Las autoridades estadounidenses se incautaron hoy de una pintura italiana de unos 470 años de antigüedad que hasta ahora mostraba un museo de Florida, ante la sospecha de que fue robada por los nazis a una familia judía durante la II Guerra Mundial.

El pasado septiembre ya se le ordenó al Museo de Arte y Ciencia Mary Brogan, en Tallahassee (capital de Florida), que retuviera la pintura "Cristo llevando la Cruz", una obra del renacentista italiano Girolamo Romano (1484/1487-1566), llamado "El Romanino", que le había sido prestada por un museo de Italia.

Entonces se autorizó al museo a exponer la obra mientras las autoridades estadounidenses e italianas determinaban a quién pertenece la pintura, ya que uno de los nietos descendientes de Gentili reclamó ser su propietario legal.

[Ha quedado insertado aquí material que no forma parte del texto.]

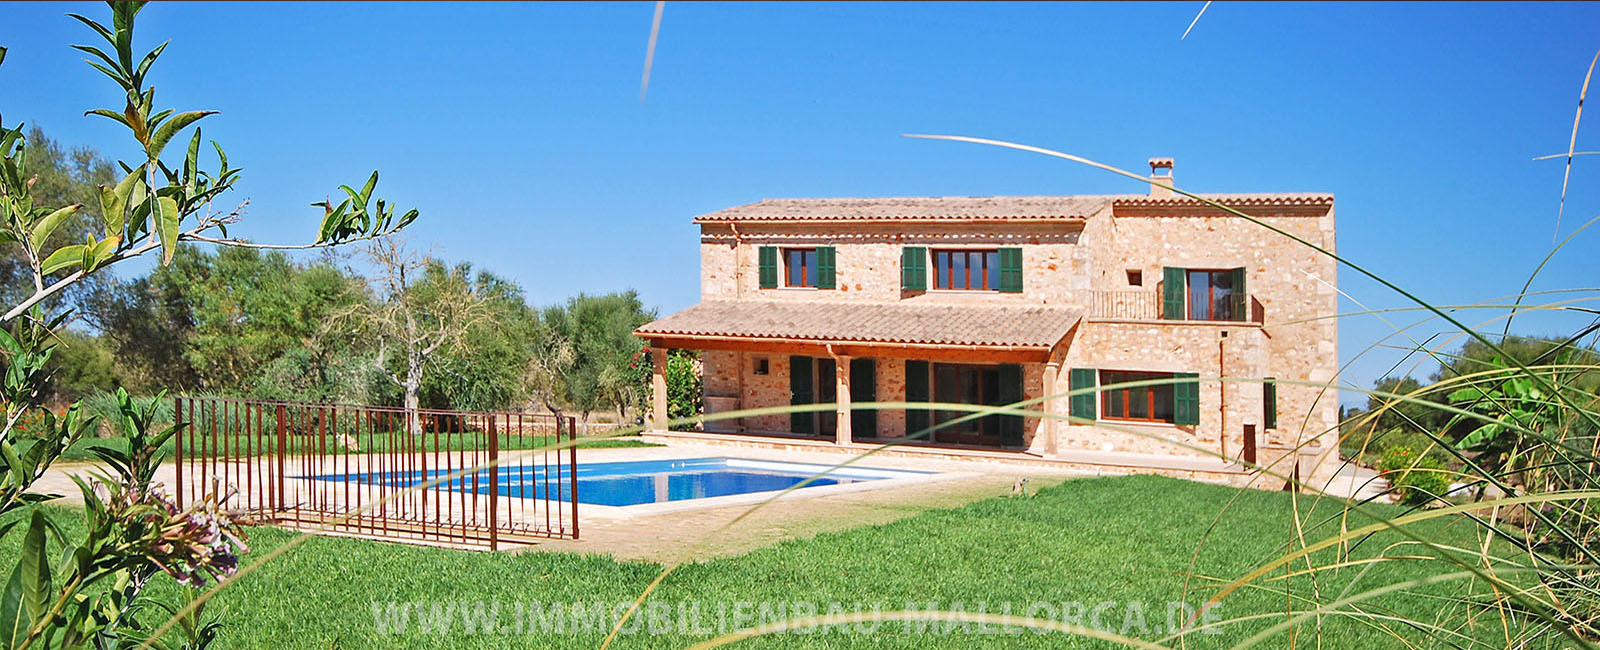 Immobilie Spanien Mallorca kaufen
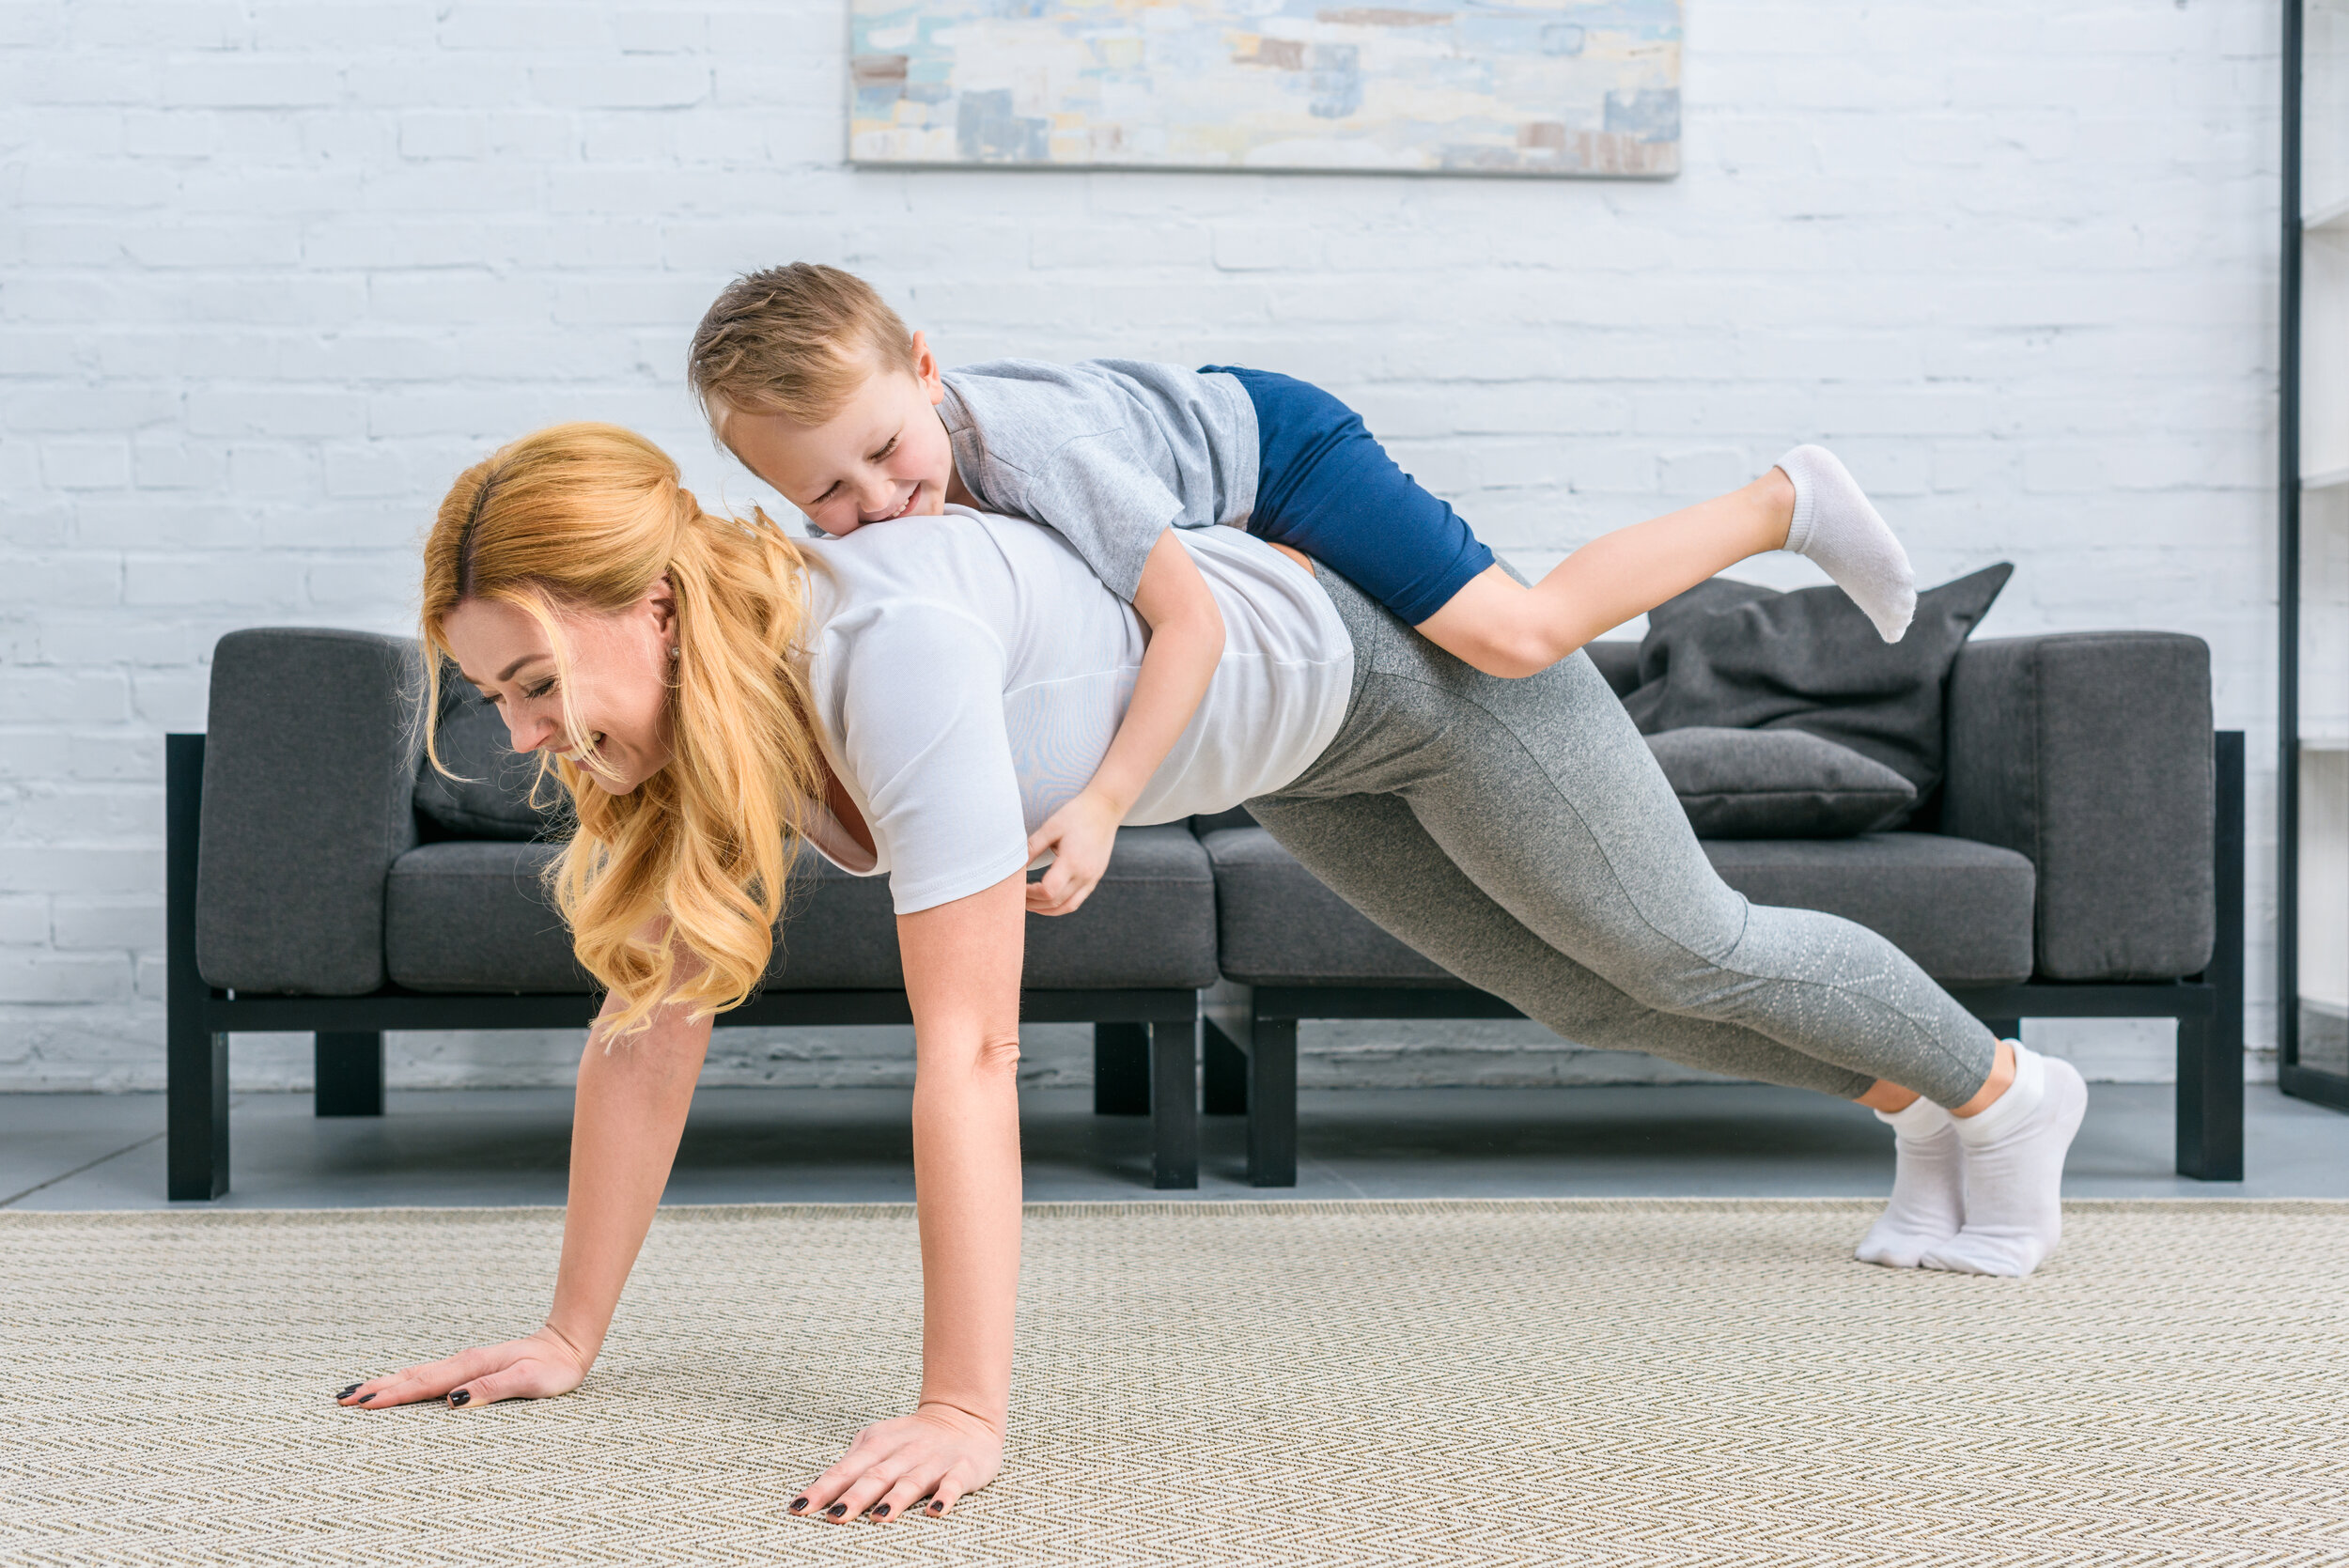 Сын делает мама массаж видео. Семейные тренировки. Упражнение семейное фото.

Sin embargo, la Fiscalía federal del Distrito Sur de Florida anunció hoy que logró la autorización judicial para ordenar la incautación de la obra, que se cree que data de 1538, ya que dice tener sólidas sospechas de que se trata de un objeto robado.

El museo confirmó a Efe que la pintura fue retirada este viernes de sus paredes y trasladada a un lugar secreto, donde será custodiada por las autoridades federales hasta que un juez se pronuncie sobre quién es su legitimo propietario.

La obra fue prestada junto a otras obras por la Pinacoteca di Brera, en Milán (Italia). Todas las demás fueron devueltas cuando concluyó la muestra, pero ésta permaneció expuesta por el museo estadounidense hasta que hoy fue retirada.

En 1914 un judío llamado Giuseppe Gentili compró la obra en una subasta en París. Cuando en 1940 Gentili falleció, sus hijos tuvieron que huir a Canadá y Estados Unidos, donde permanecieron hasta el final de la II Guerra Mundial.

Otros familiares, incluidos la hermana de Gentili, murieron en un campo de concentración.

Una parte de la colección de pinturas de Gentili, incluida la obra expuesta ahora en el Museo Brogan, se subastó en 1941 por el Gobierno colaboracionista de Vichy (Francia) durante la II Guerra Mundial.

Es posible que el Gobierno colaboracionista de Vichy, simpatizante de los nazis, confiscara esta obra y la vendiera.

"El Museo Brogan y su equipo cooperaron activamente con la Fiscalía, nuestro Gobierno y nuestros amigos en Italia para resolver este asunto de la mejor manera", indicó recientemente en un comunicado Dave Mica, presidente de la junta del museo.